Maybe that s a matter of opinion.

I chose the wrong target, that did not help.

Perhaps you can suggest an analogy of he limitatons of incremental steps?

You can approach a chasm as slow as yoy like but eventually there is a gap that a small step cannot traverse. The problem wih evolutionary theory is that is refuses to accept that such chasms exist, because of the ill fated “God of the gaps” arguments at the end of the last century.
IC is all about that concept.

The poblem I have is that modern evolutionists seem to be be so obsessed with genetic mapping and mathematics that they have “forgotten” or at least taken for granted the basic evolutionary process on which everything relies. You cannot evolve if there is no method of change. All these mechanisms that get thrown at me are not the basic change, they are secondary developments.

I learned evolution nearly 50 years ago and the net conclusion has been that I am miles out of date, but, as far as I can tell, the basic method of change, Random deviations causing new sequences, has not. That is the basic method of change, is it not?
That equates to small steps. The “scope” of this change has never been defined, it just “works”. it is almost a blind spot. Time will solve everything. The have billions of years to change. But

Philosophically you must understand the concept of the impossible change?

It is impossible to build a bridge from the earth to the moon.

However Scientists are adamant that such an impossibility cannot exist in nature or evolution. It happened so it must have happened like this.

And I even get
Show me an IC that evolution cannot make!

How can I do that?

How can I demonstrate an impossible construction? it is a concept not empirical data. How do you prove a concept without the empirical data?

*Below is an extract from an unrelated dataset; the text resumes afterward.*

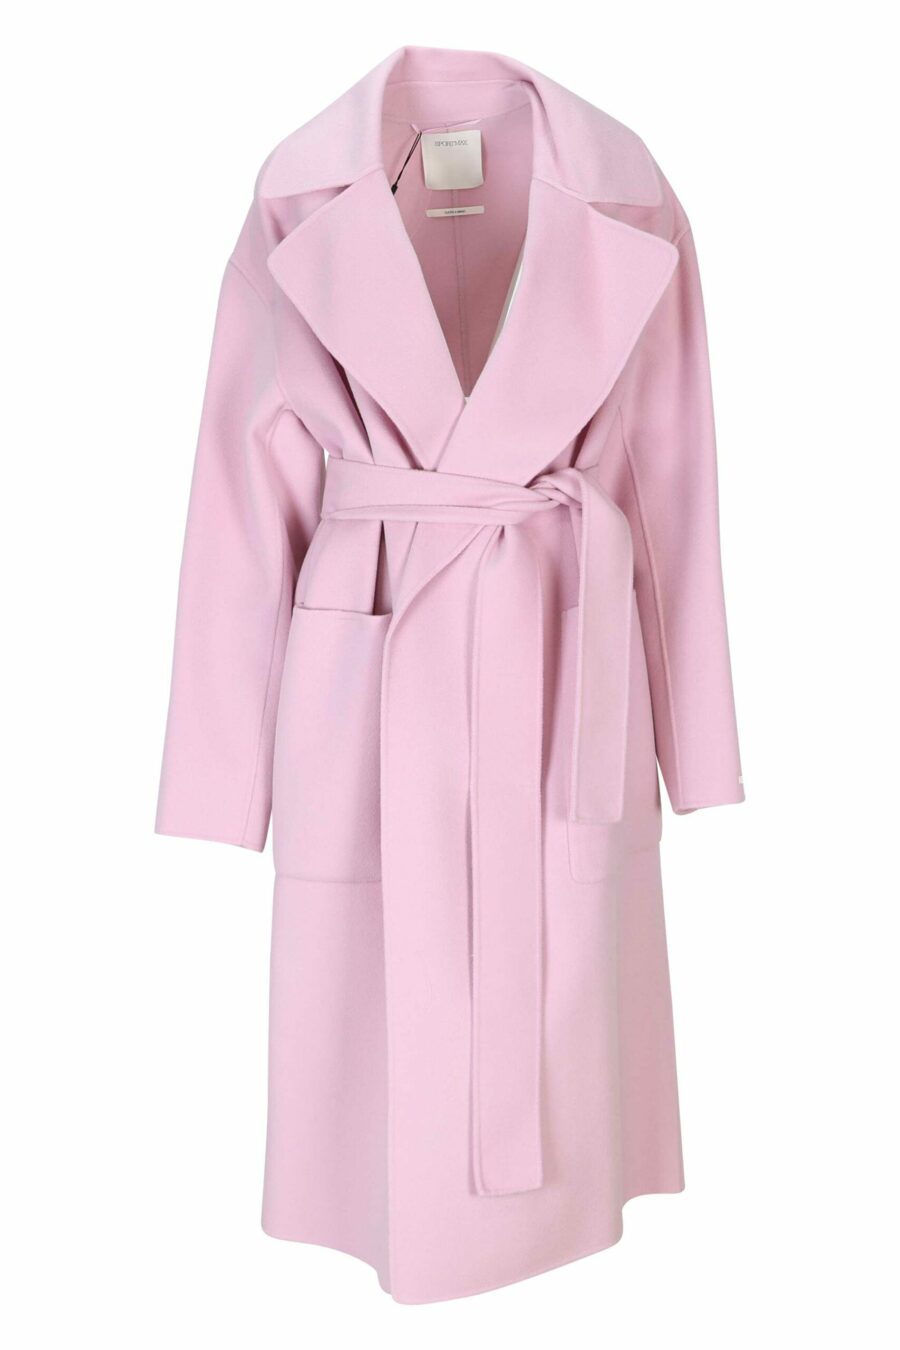 Abrigo rosa largo de lana con bolsillos - 20110241060802 scaled

A scieintist, would appear to be incapable of accepting such a thing, at least, on this forum.

Sorry, I have ranted

Richard

:confounded_face:

I give up.

There is no arguing with simplistic, naive, childish logic.

If you cannot understand the concept, i cannot show it you or teach it you.

Just forget it.

Richard

My conclusion is that you didn’t learn it very well or to any depth, and have picked up a lot of misconceptions and swallowed some ID/creationist bafflegab since.